As well as, in-app pooling is the easiest way to limit the max simultaneous
connection checkouts per application. If PGBouncer were to handle this, I'd
assume you'd need to either send distinct usernames or some other instance-
specific token over so that it could identify sources of connections.

------
jtchang
I love sqlalchemy!

------
ltbarcly3
In application connection pools are a BadThing™.

Why is pooling connections in your application a bad thing you ask?

1\. It keeps open N connections to the database for each one of your M server
processes. This is especially bad in Postgresql, as that means you have N * M
idle processes on the database server.

2\. It is very easy to improperly reset a database connection before giving it
back out of the pool. This leads to two problems.

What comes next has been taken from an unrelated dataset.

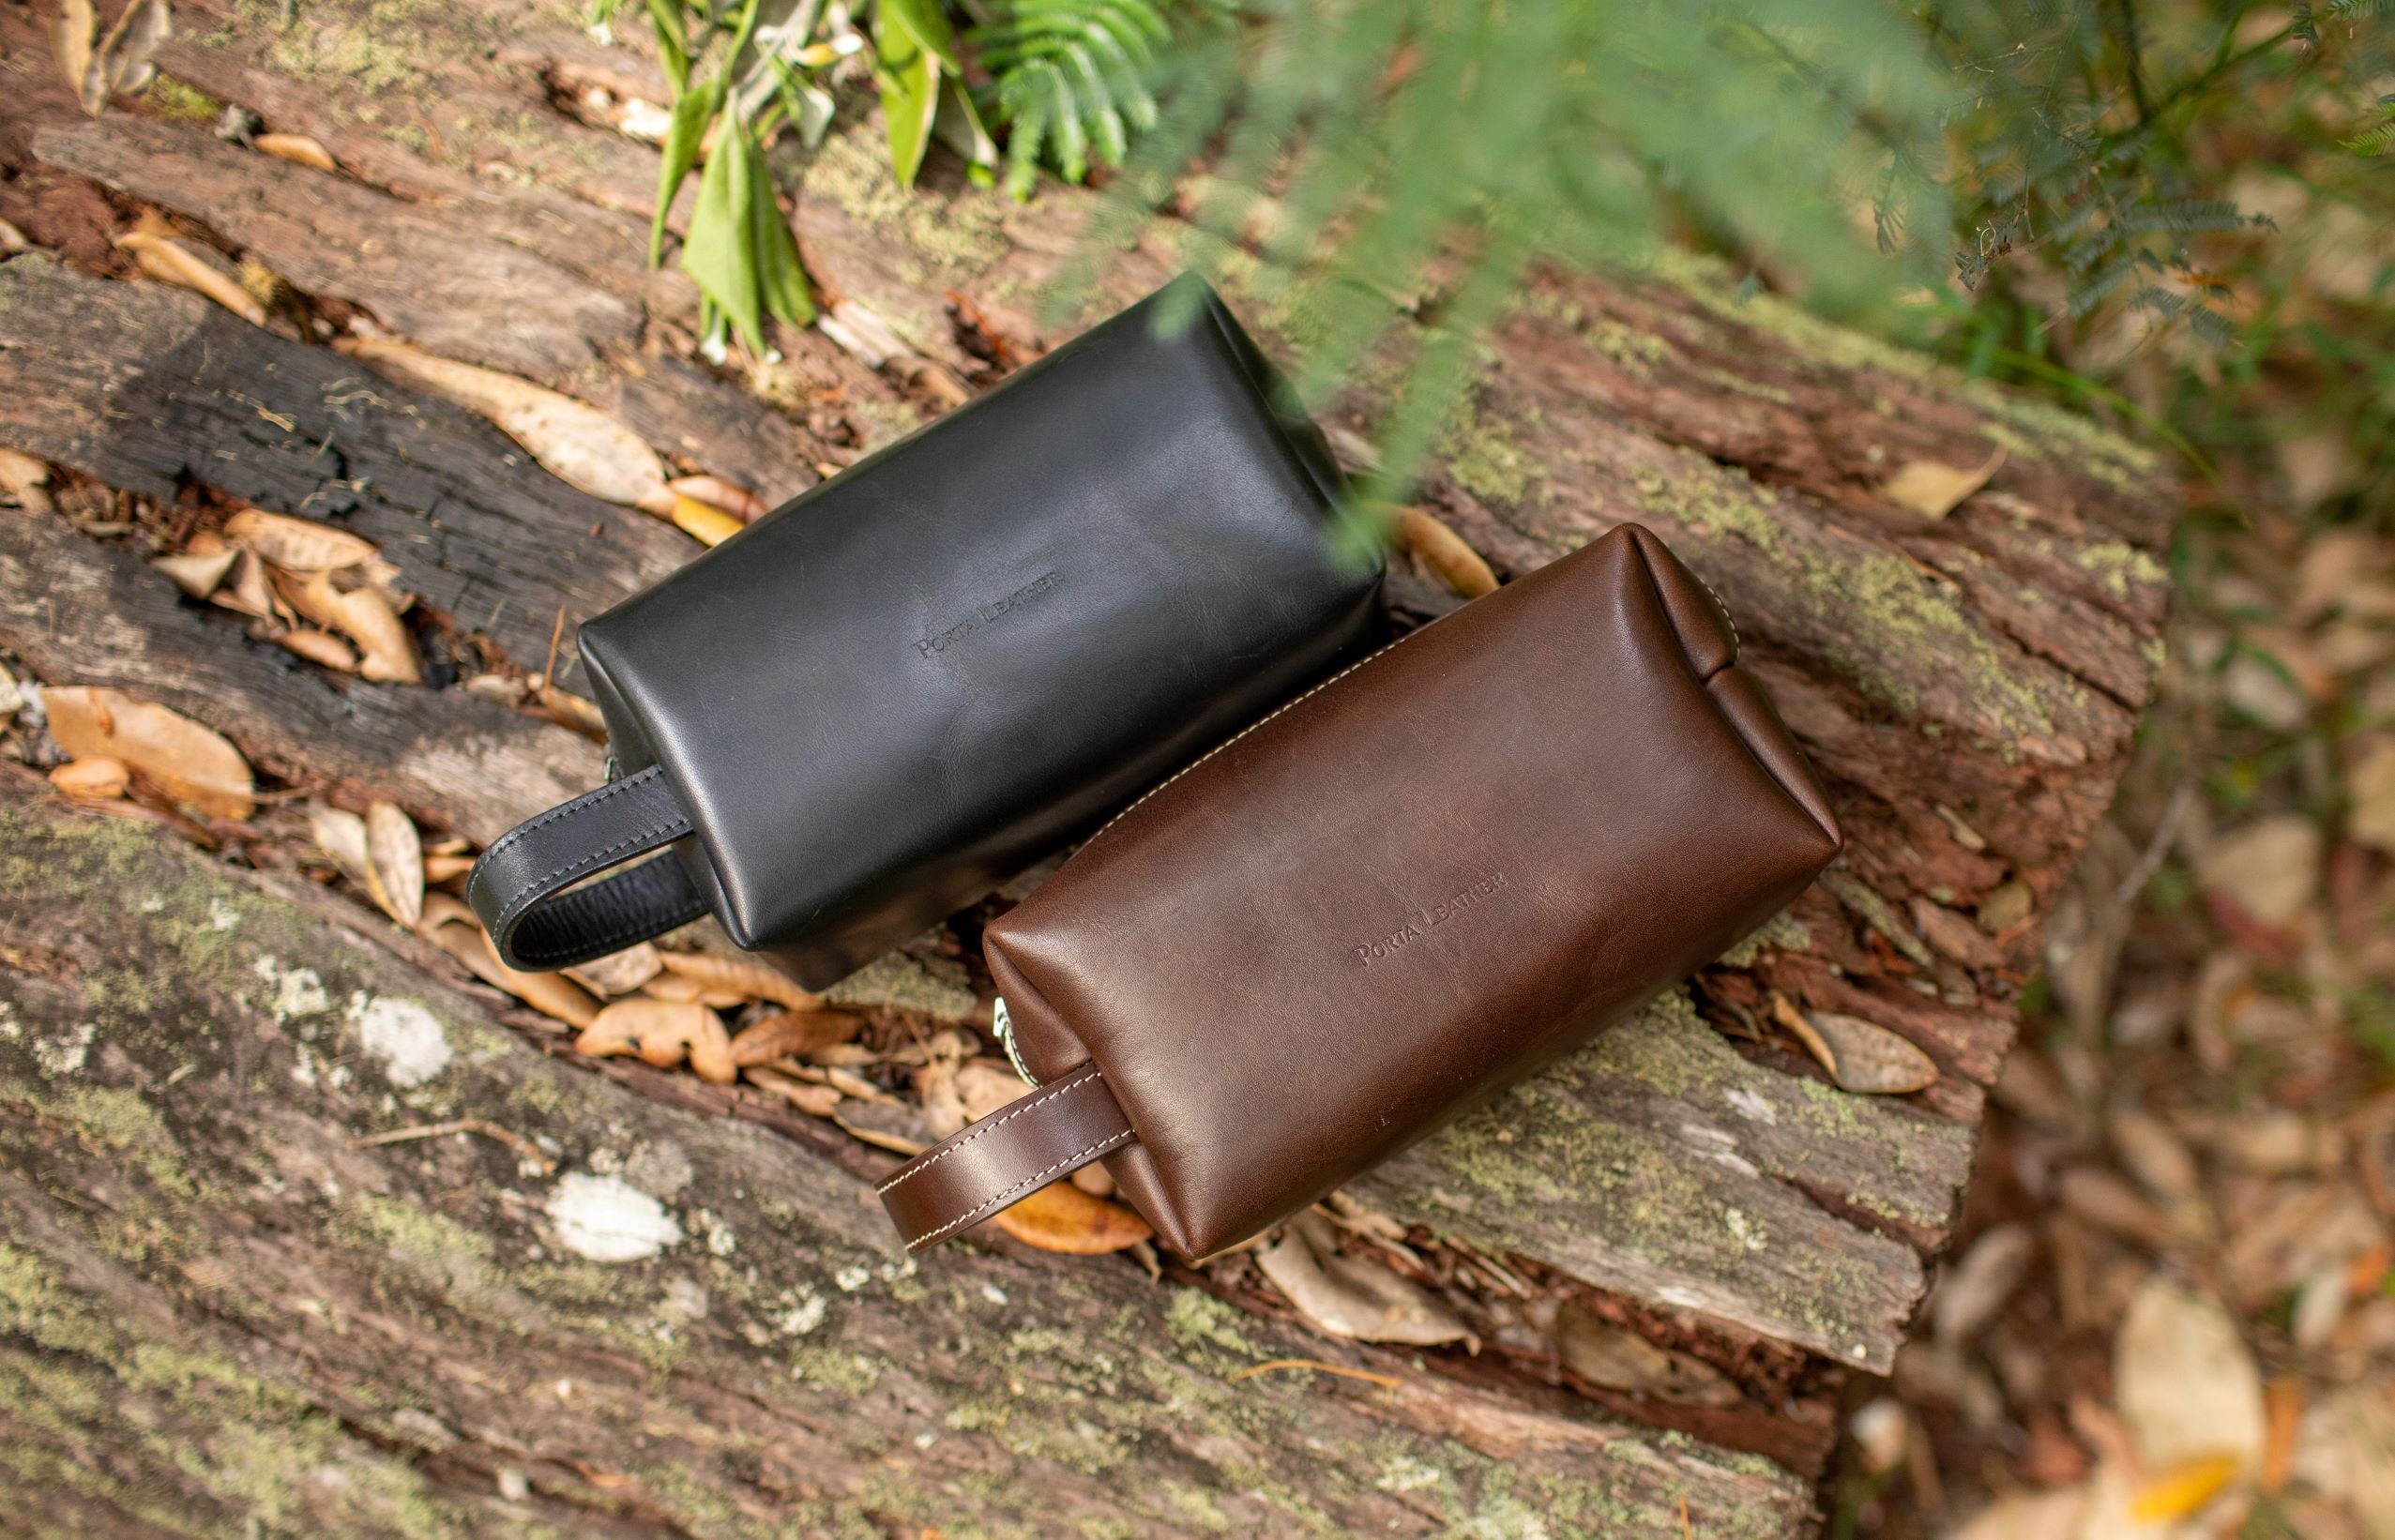 Porta Leather bovine dopp kit in black and brown on log

problem 1: The first is that if code using a db connection has an error and
doesn't issue a rollback, the connection will still be in a bad state when it
is handed back out of the pool again. On a webserver, this means that you will
see strange exceptions where a query failed, and is very hard to debug,
because the actual error was on the previous request to use that connection.

problem 2: It is inevitable that somewhere in your code you will not issue a
rollback on a connection after starting a transaction. In fact, if you are
using Python the default dp-api behavior is to "transactional mode" where a
BEGIN is sent immediately before any query on a new connection. It will
automatically start the transaction, but it will not COMMIT or ROLLBACK
automatically. The connection will be returned to the pool with a transaction
started, and the transaction will be kept open, potentially for days or weeks.
This can cause an incredible number of headaches, performance problems, and
cause your database's on disk size to grow much more quickly.

3\. If you use a server like gunicorn, or a library like multiprocessing, open
file handles (including sockets) are shared upon fork(). This means that if
you aren't very careful to completely remove and recreate all the connections
in your connection pool after a fork, you will have multiple processes sharing
the same sockets. The processes will then step all over each other and corrupt
each others use of the database.

I have seen all of these problems multiple times in production code.

So, what should you do?

If you are using postgres, install PGBouncer on every server. Configure your
application to make a new connection to PGBouncer whenever it needs a new
connection. The overhead of this is tiny, since you connect to PGBouncer
through a filesystem unix socket. PGBouncer keeps open as many connections as
it needs to the database server, maintains those connections, and puts them in
a good state before giving them to you. PGBouncer will also gradually reduce
it's connections to the database server if they are idle and unused long
enough.

I'm sure other databases have some similar database proxy.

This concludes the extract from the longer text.